*** Extracted data Section Begins ***

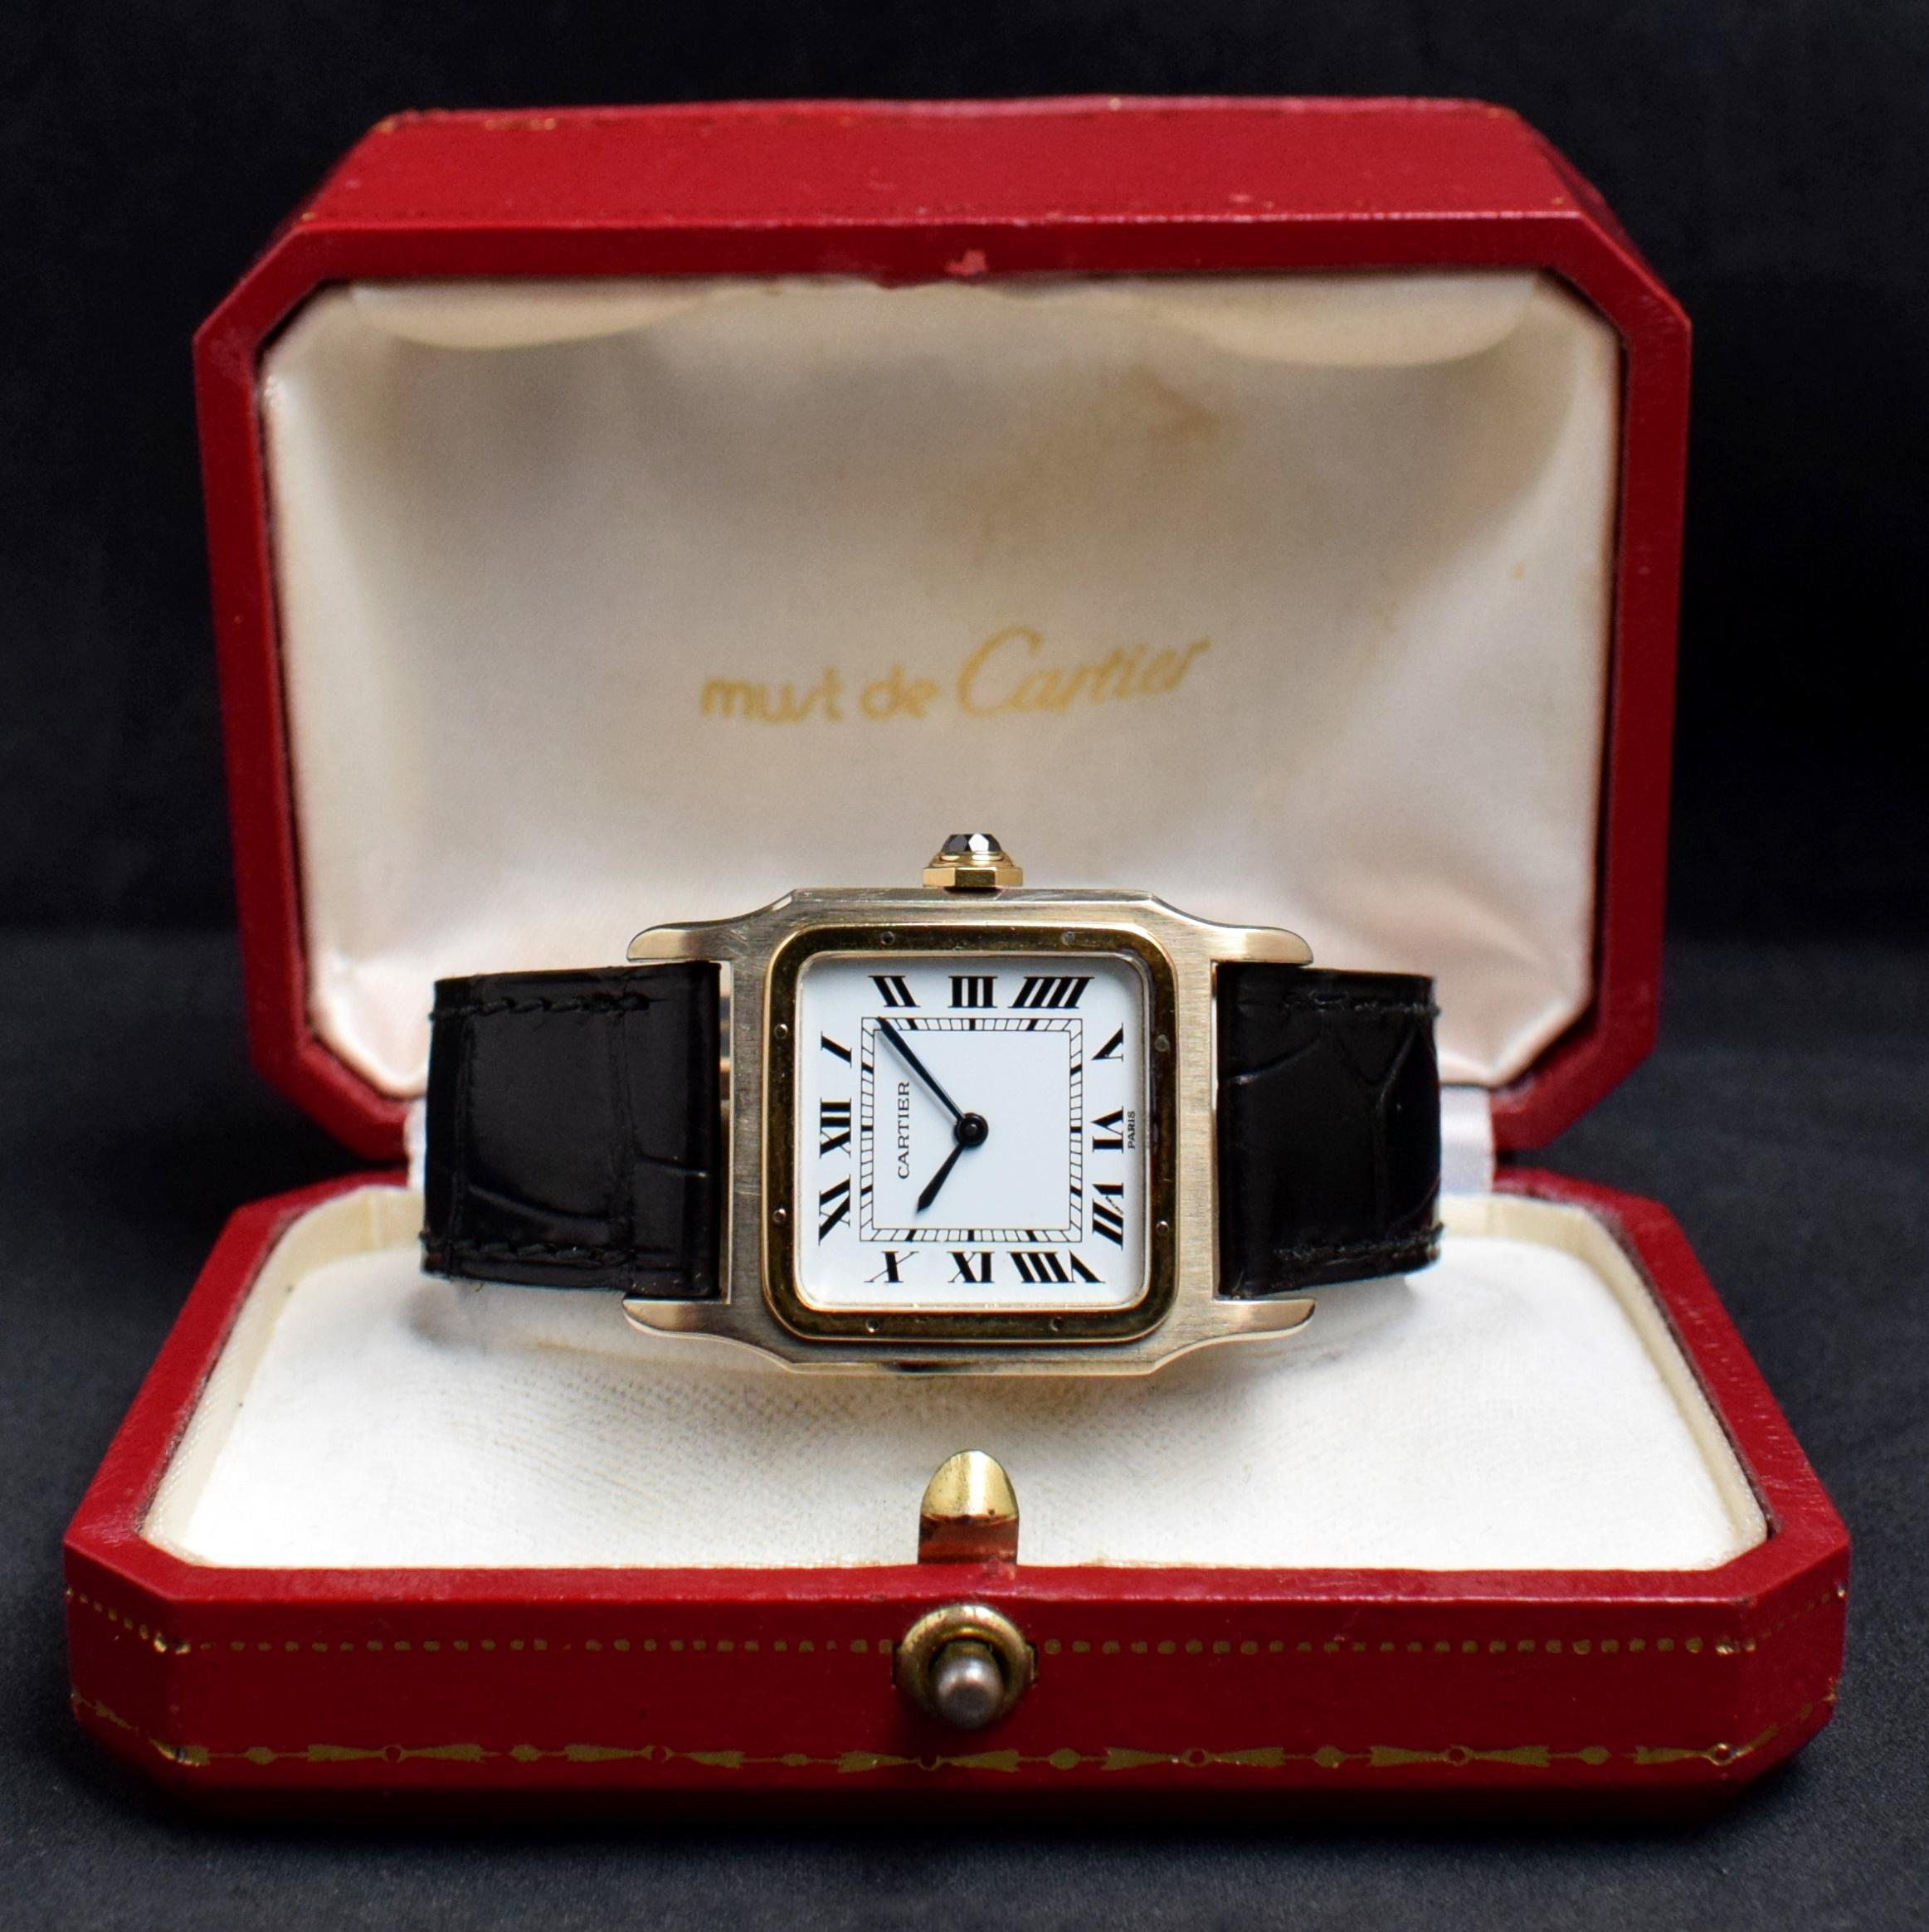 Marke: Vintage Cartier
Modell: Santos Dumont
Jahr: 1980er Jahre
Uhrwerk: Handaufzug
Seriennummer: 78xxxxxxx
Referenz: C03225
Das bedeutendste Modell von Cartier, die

*** Extracted data Section Ends ***

**What to produce**:
Report each line of the entries where the word "Modell" occurs.

**Your solution**:
Modell: Santos Dumont
Das bedeutendste Modell von Cartier, die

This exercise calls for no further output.